We stated various negative scenarios, but there are many distributions of interevent times, $ψ (τ)$ , for which the Laplace Gillespie algorithm works. The power-law distribution given by Eq. (5.26) is qualified because one can find the corresponding distribution of mixing weights, which is given by Eq. (5.24). In fact, using Eq. (5.26), we obtain

Ψ (τ) = \int_{τ}^{\infty} ψ (τ^{'}) d τ^{'} = \frac{1}{(1 + κ τ)^{α}} .

(5.32)

It is easy to verify that this $Ψ (τ)$ is a completely monotone function.

As a second example, assume that $p (λ)$ is a uniform density on $[λ_{min}, λ_{max}]$ (Reference HidalgoHidalgo, 2006). By Laplace transforming $p (λ)$ using Eq. (5.21), we obtain

Ψ (τ) = \frac{e^{- λ_{min} τ} - e^{- λ_{max} τ}}{τ (λ_{max} - λ_{min})},

(5.33)

which yields

ψ (τ) = - \frac{d Ψ (τ)}{d τ} = \frac{λ_{min} e^{- λ_{min} τ} - λ_{max} e^{- λ_{max} τ}}{(λ_{max} - λ_{min}) τ} + \frac{e^{- λ_{min} τ} - e^{- λ_{max} τ}}{(λ_{max} - λ_{min}) τ^{2}} .

(5.34)

Assume that $λ_{min} ≪ λ_{max}$ . If $λ_{min} > 0$ , then $ψ (τ) \propto e^{- λ_{min} τ} / τ$ as $τ \to \infty$ , which is a power-law distribution with an exponential cutoff, often resembling empirical data. If $λ_{min} = 0$ , then $ψ (τ) \propto 1 / τ^{2}$ as $τ \to \infty$ .

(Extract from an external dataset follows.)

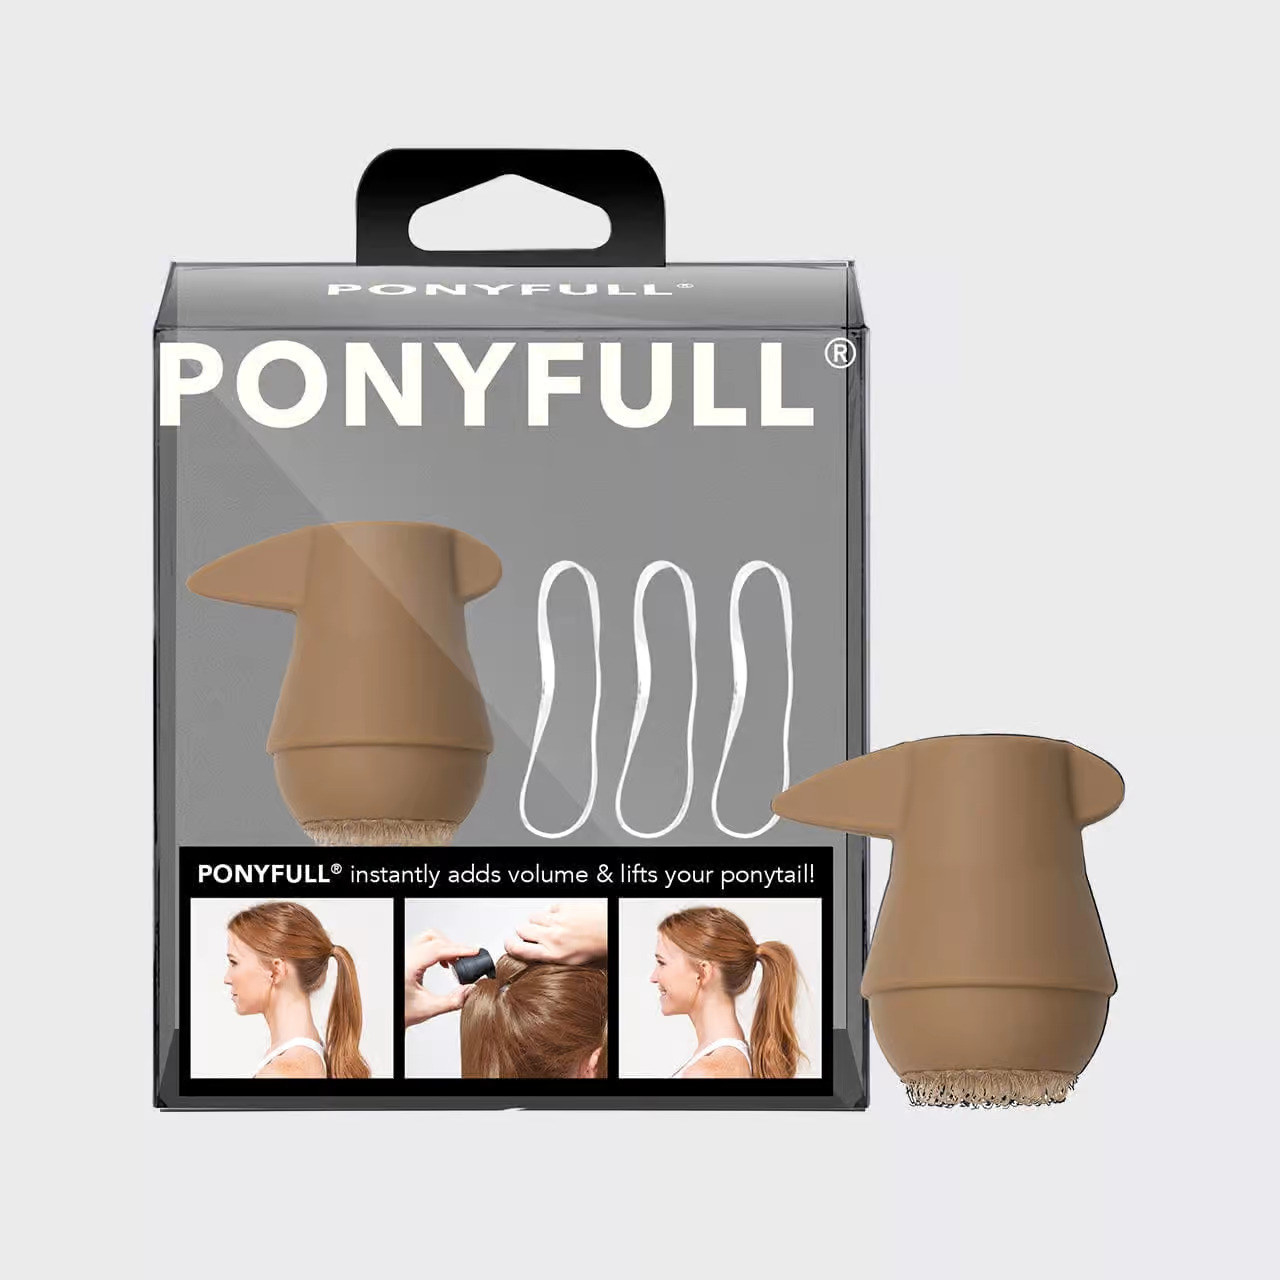 Ponytail lifter product beside the packaging

A third example is when the interevent time obeys a gamma distribution:

ψ (τ) = \frac{τ^{α - 1} e^{- τ / κ}}{Γ (α) κ^{α}} .

(5.35)

For this $ψ (τ)$ , we can express $Ψ (τ)$ as the Laplace transform of $p (λ)$ if and only if $0 < α \leq 1$ , and $p (λ)$ is given by

p (λ) = (\begin{matrix} 0 & (0 < λ < κ^{- 1}), \\ \frac{1}{Γ (α) Γ (1 - α) λ (κ λ - 1)^{α}} & (λ \geq κ^{- 1}) . \end{matrix})

(5.36)

It is easy to verify that one obtains the exponential distribution by setting $α = 1$ in Eq. (5.35). We refer to Reference Masuda and RochaMasuda and Rocha (2018) for more examples of renewal processes that the Laplace Gillespie algorithm can simulate.

5.4 Temporal Gillespie Algorithm

The temporal Gillespie algorithm (Reference Vestergaard and GénoisVestergaard & Génois, 2015) is an adaptation of the direct method to simulate coupled jump processes taking place on switching temporal networks, namely networks whose structure changes discontinuously in discrete points in time (Fig. 20). For simplicity in the following presentation, and without loss of generality, we furthermore assume that both the network’s dynamics and the dynamical process start at time $t = 0$ .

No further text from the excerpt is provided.